Among the entries below, find each line holding "Diamond" and return it.

··· Records for the exercise

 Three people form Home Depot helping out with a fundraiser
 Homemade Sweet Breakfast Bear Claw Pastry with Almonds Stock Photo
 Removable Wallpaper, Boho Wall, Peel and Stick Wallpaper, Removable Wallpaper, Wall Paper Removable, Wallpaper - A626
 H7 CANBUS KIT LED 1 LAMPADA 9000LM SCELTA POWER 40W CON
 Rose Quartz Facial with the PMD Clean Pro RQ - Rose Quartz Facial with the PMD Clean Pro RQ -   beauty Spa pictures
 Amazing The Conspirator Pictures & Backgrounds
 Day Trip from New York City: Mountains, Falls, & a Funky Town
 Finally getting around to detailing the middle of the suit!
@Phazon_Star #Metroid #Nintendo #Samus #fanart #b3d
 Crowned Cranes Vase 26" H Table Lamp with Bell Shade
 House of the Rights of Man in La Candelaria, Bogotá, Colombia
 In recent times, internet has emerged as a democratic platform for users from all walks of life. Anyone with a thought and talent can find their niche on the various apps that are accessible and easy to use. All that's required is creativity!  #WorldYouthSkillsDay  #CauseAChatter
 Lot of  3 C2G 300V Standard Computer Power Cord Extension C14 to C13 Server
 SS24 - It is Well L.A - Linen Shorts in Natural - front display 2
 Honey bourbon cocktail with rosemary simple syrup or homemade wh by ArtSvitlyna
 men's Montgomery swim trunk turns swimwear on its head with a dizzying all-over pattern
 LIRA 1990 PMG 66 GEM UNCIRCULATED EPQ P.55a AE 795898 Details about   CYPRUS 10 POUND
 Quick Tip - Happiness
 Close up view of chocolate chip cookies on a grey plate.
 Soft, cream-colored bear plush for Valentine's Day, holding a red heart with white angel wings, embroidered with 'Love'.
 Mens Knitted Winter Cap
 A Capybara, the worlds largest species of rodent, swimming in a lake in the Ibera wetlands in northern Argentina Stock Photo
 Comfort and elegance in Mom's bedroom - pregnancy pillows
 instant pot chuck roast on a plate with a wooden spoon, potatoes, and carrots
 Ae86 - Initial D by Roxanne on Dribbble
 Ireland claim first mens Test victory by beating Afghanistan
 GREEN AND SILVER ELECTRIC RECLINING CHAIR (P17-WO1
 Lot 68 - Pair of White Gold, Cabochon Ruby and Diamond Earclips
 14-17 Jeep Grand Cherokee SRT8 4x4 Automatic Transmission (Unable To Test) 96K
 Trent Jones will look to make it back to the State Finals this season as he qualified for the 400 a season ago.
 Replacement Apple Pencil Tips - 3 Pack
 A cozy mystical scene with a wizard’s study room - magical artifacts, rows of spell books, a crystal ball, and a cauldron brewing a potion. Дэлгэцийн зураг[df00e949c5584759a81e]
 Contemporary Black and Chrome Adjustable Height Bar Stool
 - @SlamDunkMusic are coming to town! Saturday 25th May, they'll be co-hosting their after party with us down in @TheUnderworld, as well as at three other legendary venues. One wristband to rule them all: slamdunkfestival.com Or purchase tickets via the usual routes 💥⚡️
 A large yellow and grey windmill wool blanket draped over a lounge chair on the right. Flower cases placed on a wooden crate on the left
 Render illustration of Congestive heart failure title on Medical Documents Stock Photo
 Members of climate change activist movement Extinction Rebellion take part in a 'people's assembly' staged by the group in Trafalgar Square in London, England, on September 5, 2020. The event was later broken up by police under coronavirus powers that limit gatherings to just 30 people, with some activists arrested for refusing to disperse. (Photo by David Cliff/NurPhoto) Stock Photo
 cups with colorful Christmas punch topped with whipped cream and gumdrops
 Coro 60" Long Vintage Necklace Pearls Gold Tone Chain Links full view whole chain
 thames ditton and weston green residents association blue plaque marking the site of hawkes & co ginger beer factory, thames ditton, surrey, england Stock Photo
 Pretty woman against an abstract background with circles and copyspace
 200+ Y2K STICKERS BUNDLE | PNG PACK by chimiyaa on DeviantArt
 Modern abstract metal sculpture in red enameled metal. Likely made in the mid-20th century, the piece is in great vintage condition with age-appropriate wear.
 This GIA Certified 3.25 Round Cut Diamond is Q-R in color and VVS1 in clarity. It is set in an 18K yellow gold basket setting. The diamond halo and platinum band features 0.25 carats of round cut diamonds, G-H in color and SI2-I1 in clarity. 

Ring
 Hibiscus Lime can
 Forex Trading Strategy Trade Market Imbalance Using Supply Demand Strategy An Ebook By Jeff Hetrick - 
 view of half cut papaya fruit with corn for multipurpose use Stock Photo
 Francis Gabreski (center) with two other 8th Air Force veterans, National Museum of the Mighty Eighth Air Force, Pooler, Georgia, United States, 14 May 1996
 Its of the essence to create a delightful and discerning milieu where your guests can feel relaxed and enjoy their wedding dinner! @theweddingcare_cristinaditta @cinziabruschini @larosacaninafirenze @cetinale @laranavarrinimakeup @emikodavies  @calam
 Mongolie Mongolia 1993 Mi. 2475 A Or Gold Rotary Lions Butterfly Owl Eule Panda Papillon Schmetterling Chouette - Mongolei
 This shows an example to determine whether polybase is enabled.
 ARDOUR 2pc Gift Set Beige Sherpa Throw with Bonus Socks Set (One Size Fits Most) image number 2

······

## Response to the task
 Lot 68 - Pair of White Gold, Cabochon Ruby and Diamond Earclips
 This GIA Certified 3.25 Round Cut Diamond is Q-R in color and VVS1 in clarity. It is set in an 18K yellow gold basket setting. The diamond halo and platinum band features 0.25 carats of round cut diamonds, G-H in color and SI2-I1 in clarity. 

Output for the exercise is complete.